▸ **DESCRIPTION OF THE TASK**:
The line with "6 facebook cover" and each line following it, up to the final line of the data, should be set down exactly; pictures stay out.

▸ **AVAILABLE DATA**:
+ + + + +

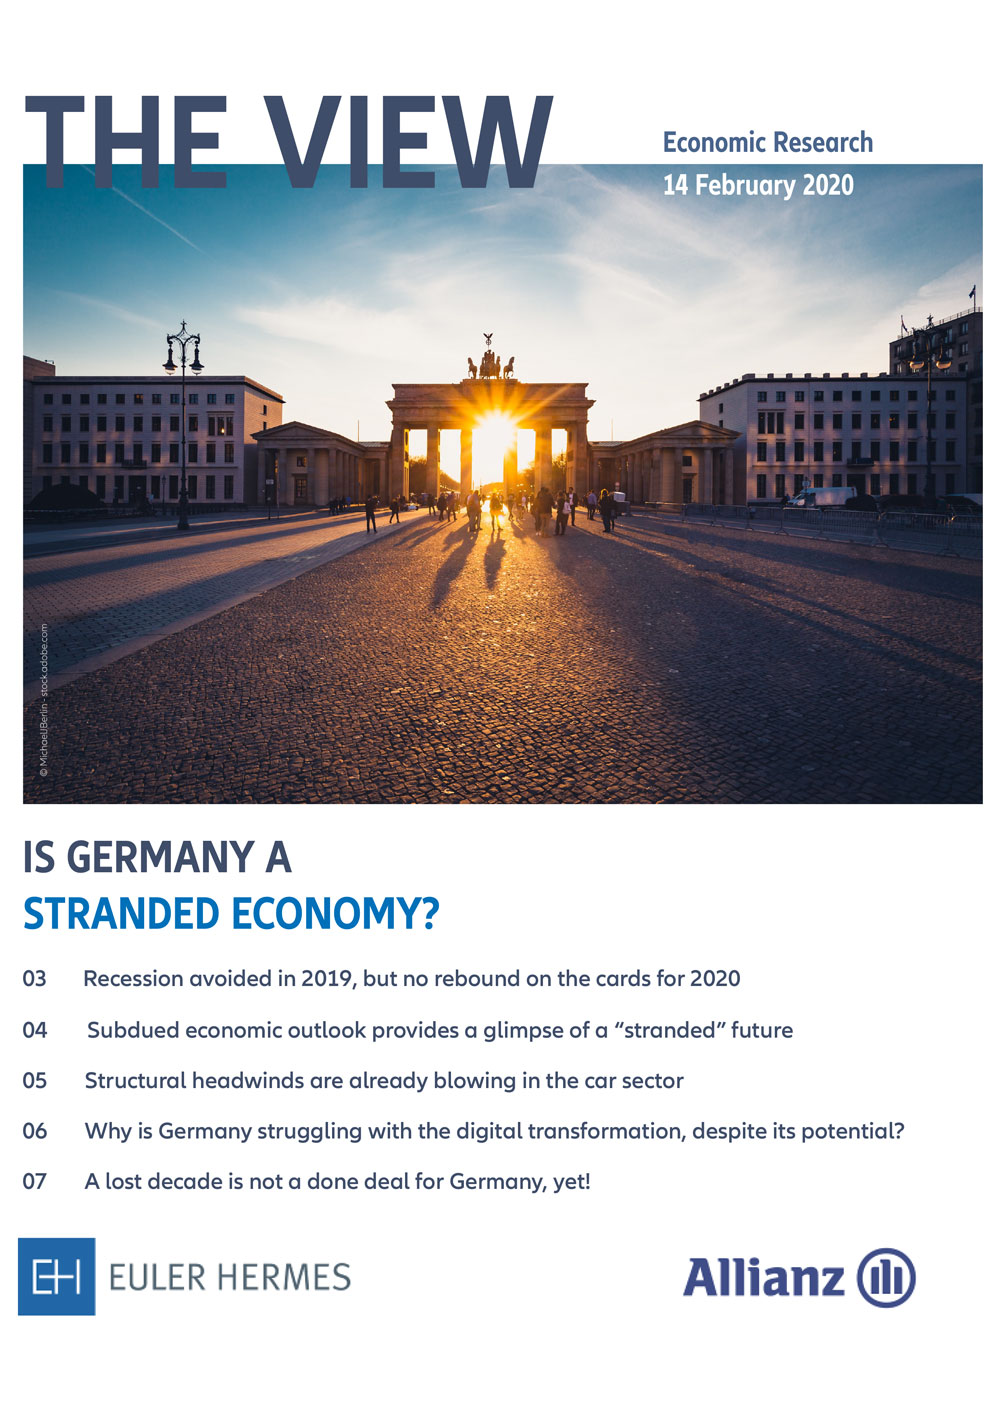 Is Germany a “stranded” economy?
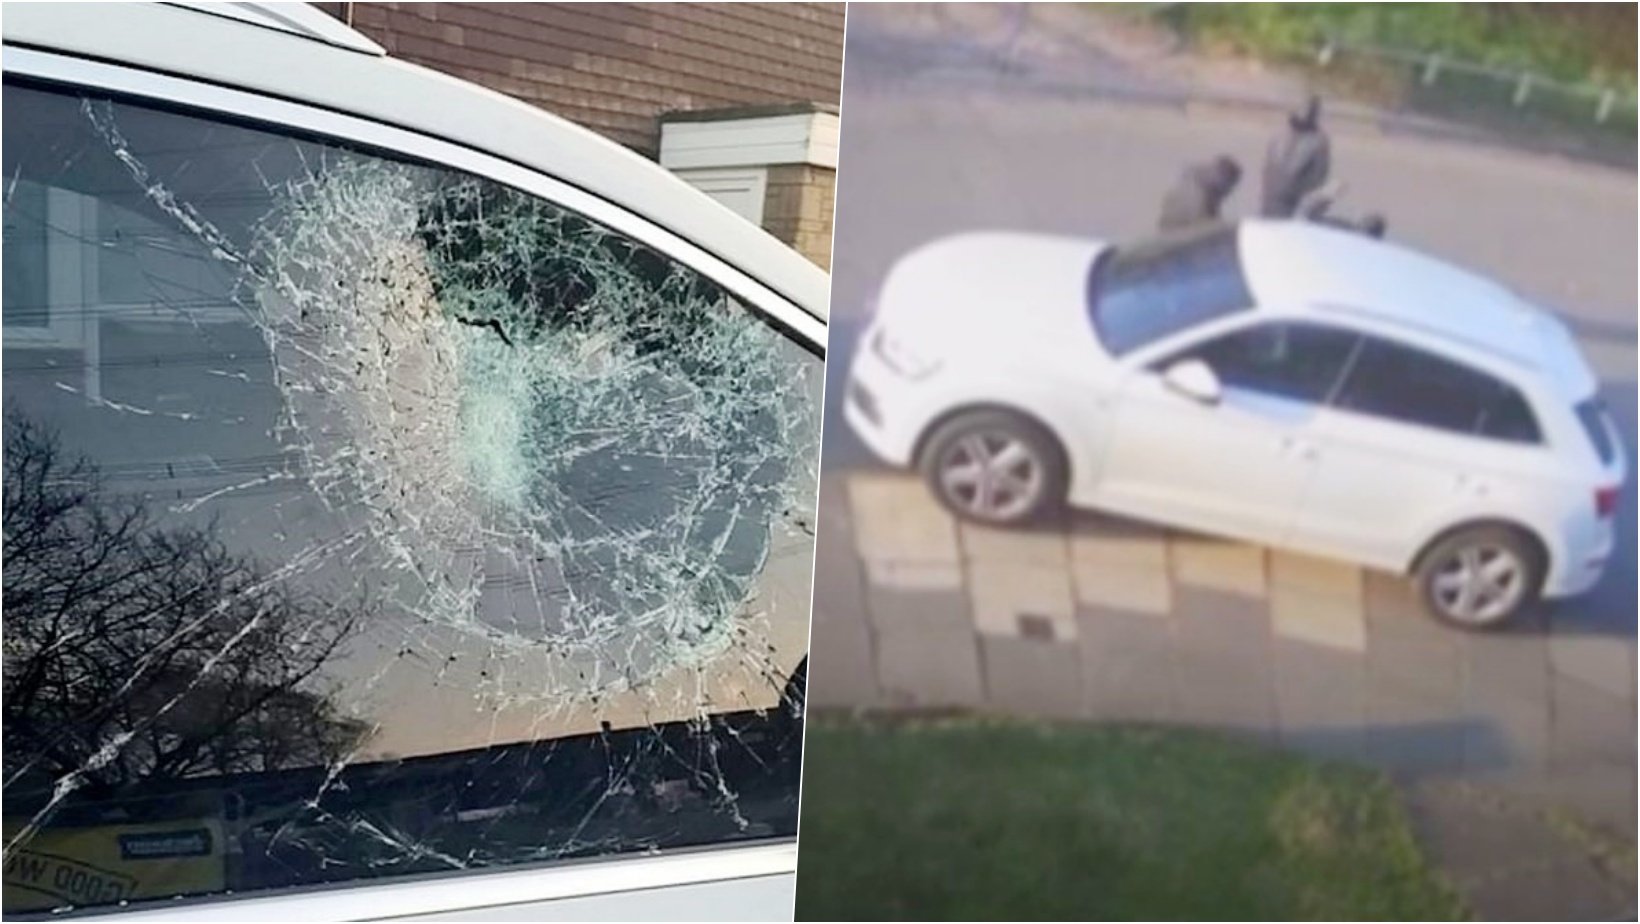 6 facebook cover 5.jpg?resize=412,275 - 7-Year-Old Boy Screams “Drive Mom, Drive” After Carjack Masked Thugs With Machete Smashed Car’s Window
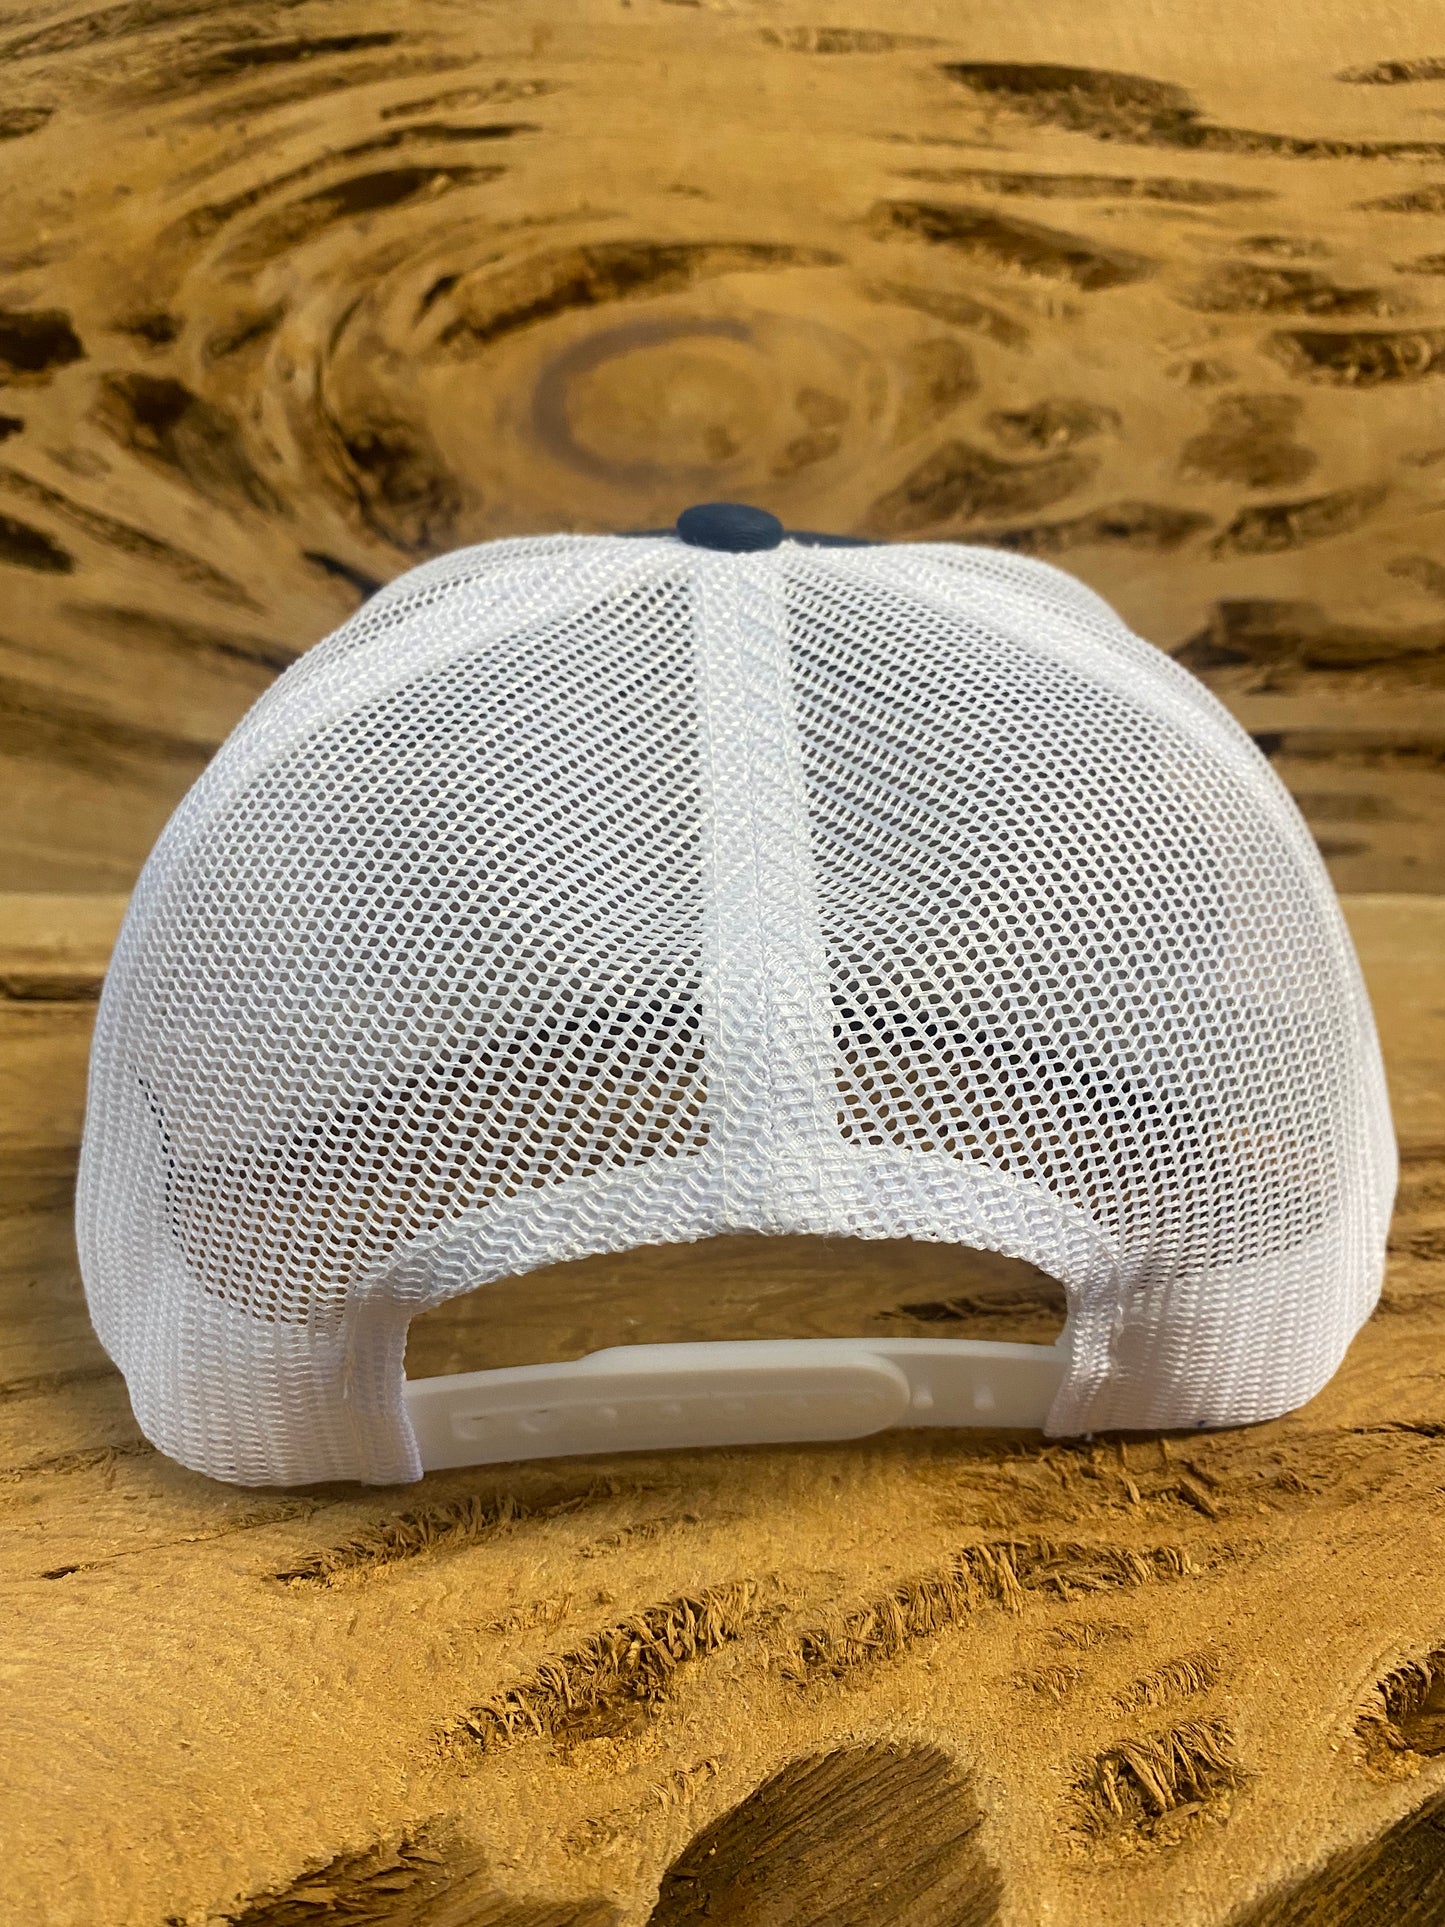 Mesh Snapback Cap with Leather Patch - Navy/White

+ + + + +

▸ **RESPONSE AREA**:
 6 facebook cover 5.jpg?resize=412,275 - 7-Year-Old Boy Screams “Drive Mom, Drive” After Carjack Masked Thugs With Machete Smashed Car’s Window
 Mesh Snapback Cap with Leather Patch - Navy/White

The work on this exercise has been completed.